Ten years ago in this very publication, I did something I never do. I went out on a limb and made a prediction. Actually, I went farther than that. I claimed to be “ahead of my time” and prognosticated with confidence that data centers would be adopting liquid cooling in the next few years and air cooling would be relegated to the junk heap of HVAC history.

Well … it’s a decade later. We’re still waiting.

So, what happened? Or more precisely, why hasn’t anything happened? The thermodynamic advantages of fluids over air are an undisputable matter of physics. On a volume basis, water carries about 3,500 times as much heat as air. And mineral oils, which are non-corrosive and non-conductive and into which servers can be directly immersed, can carry about 1,200 times more heat.

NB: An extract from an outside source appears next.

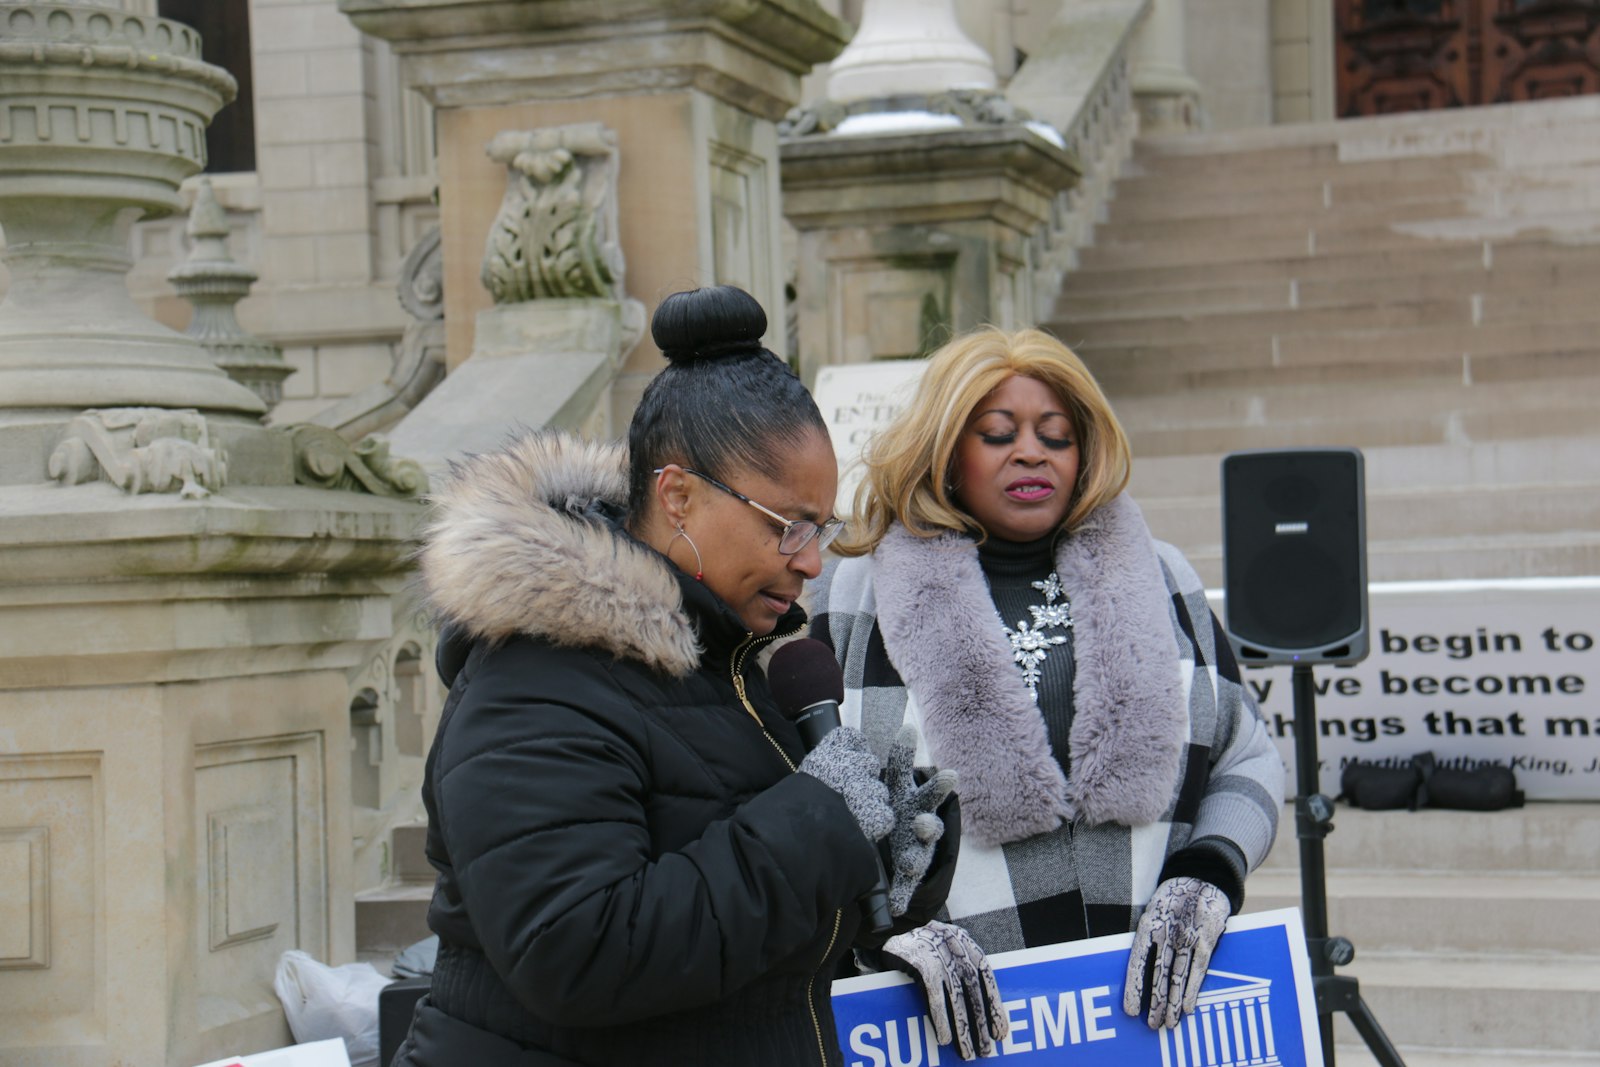 Monica Galloway of Flint and She Leads Michigan, along with Linda Lee Tarver of Lansing, and also She Leads Michigan, speak during a pray rally before the Michigan Capitol.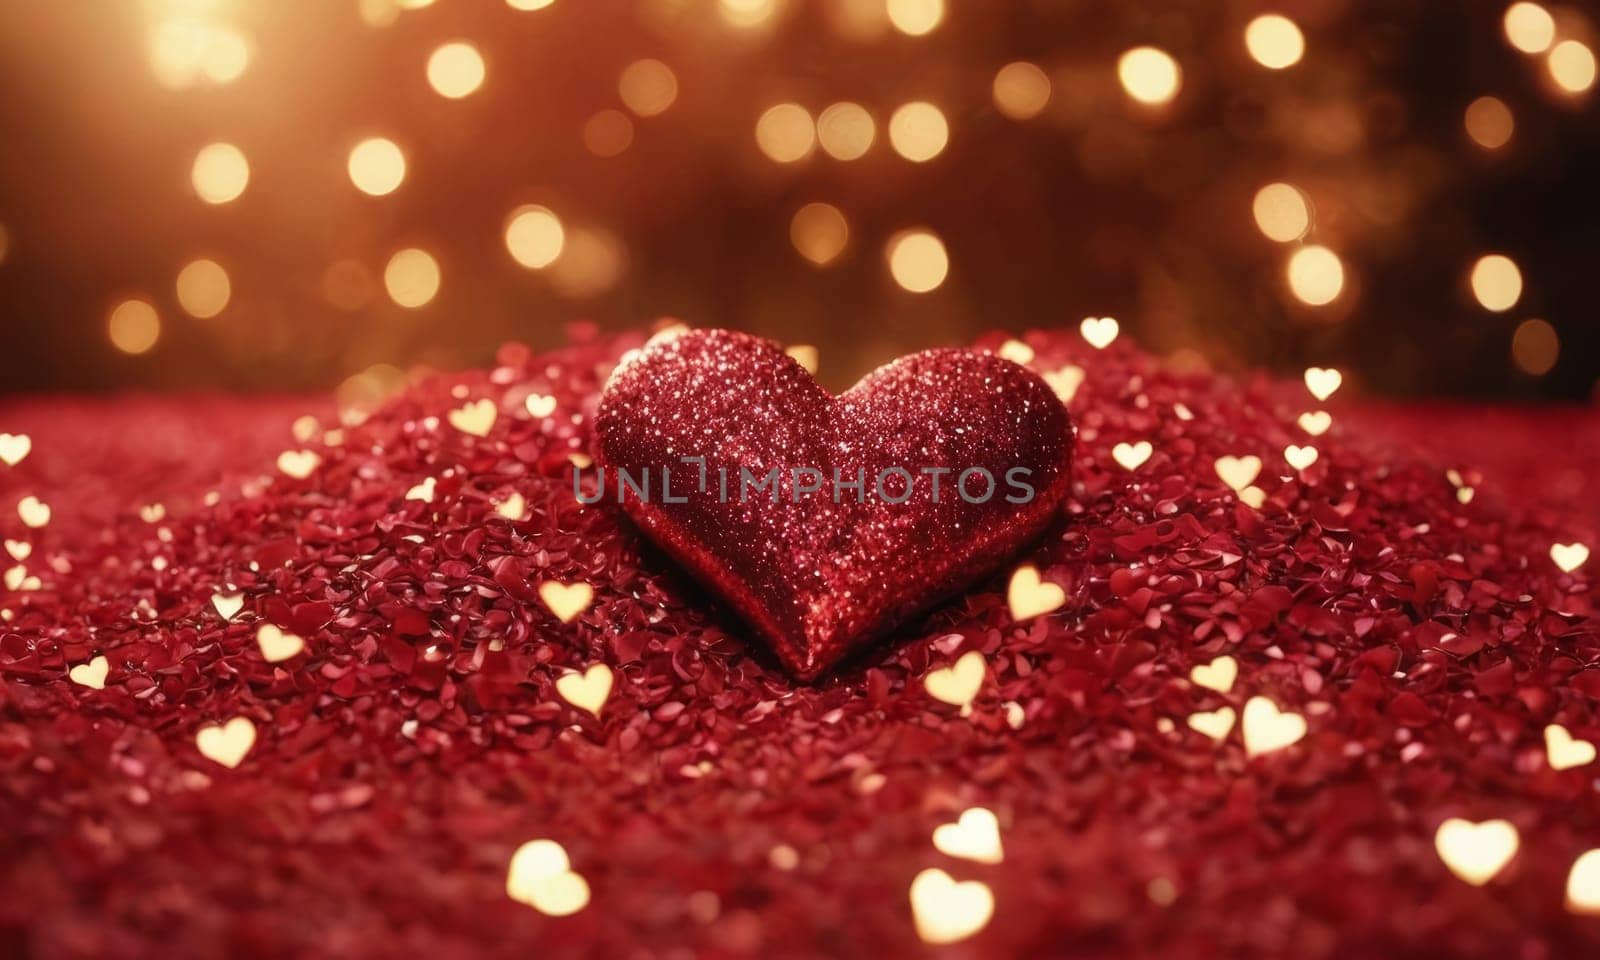 Glistening hearts rest amidst a shower of smaller heart shapes. The radiant glow and the deep red hue evoke a sense of warmth and affection. Ideal for expressing love and romance. Valentine's Day

So again, why aren’t we there yet?

For starters, engineers aren’t merely physicists. Yes, the laws apply, but we must go a step further and cobble together components in order to create systems that are actually useful, economical, and maintainable. Often we are limited to the products that already exist in the marketplace. And the endusers, with their unique set of experiences, risk tolerance, and definitions of success, must always be considered.

So we may know that fluids make sense, but applying them in a practical manner requires getting quite a few wet ducks in a row.

 

Obvious Obstacles

Perhaps the greatest hindrance to a fluid revolution is form factor. The hardware and infrastructure required to support direct fluid cooling is very different from an indirect air cooled configuration. Except for perhaps the mode of final heat rejection to the atmosphere (cooling towers, fluid coolers, etc.), the equipment inside the whitespace is wholly different.

And unlike adding aisle separation or containment, or converting a space from CRACs on the perimeter to an in-row configuration, there are limited incremental options. In most cases, you have to be pretty much all in. And frankly, converting an existing space from air to fluid is in most cases simply not cost-effective.

Another drawback has been risk aversion. Just as we don’t put toasters near bathtubs, comingling servers and water just seems downright dangerous. So most often, the very idea is a non-starter. Never mind that the super computers of the past relied on water cooling, it’s just not in the DNA of this generation of data center professionals to consider water as a viable option.

Also, if the server manufacturers aren’t fully supporting direct fluid cooling at scale, then the average data center isn’t going to, either. While there are systems where commercial servers can be directly immersed in fluid (like the CarnoJet System in Figure 1), it takes some real nerve to make that leap.

A less obvious reason that fluid cooling hasn’t been widely deployed is that the allowable and recommended server operating temperature ranges were expanded in the last 10 years. By allowing temperatures to rise, the window for air cooling was opened a little further.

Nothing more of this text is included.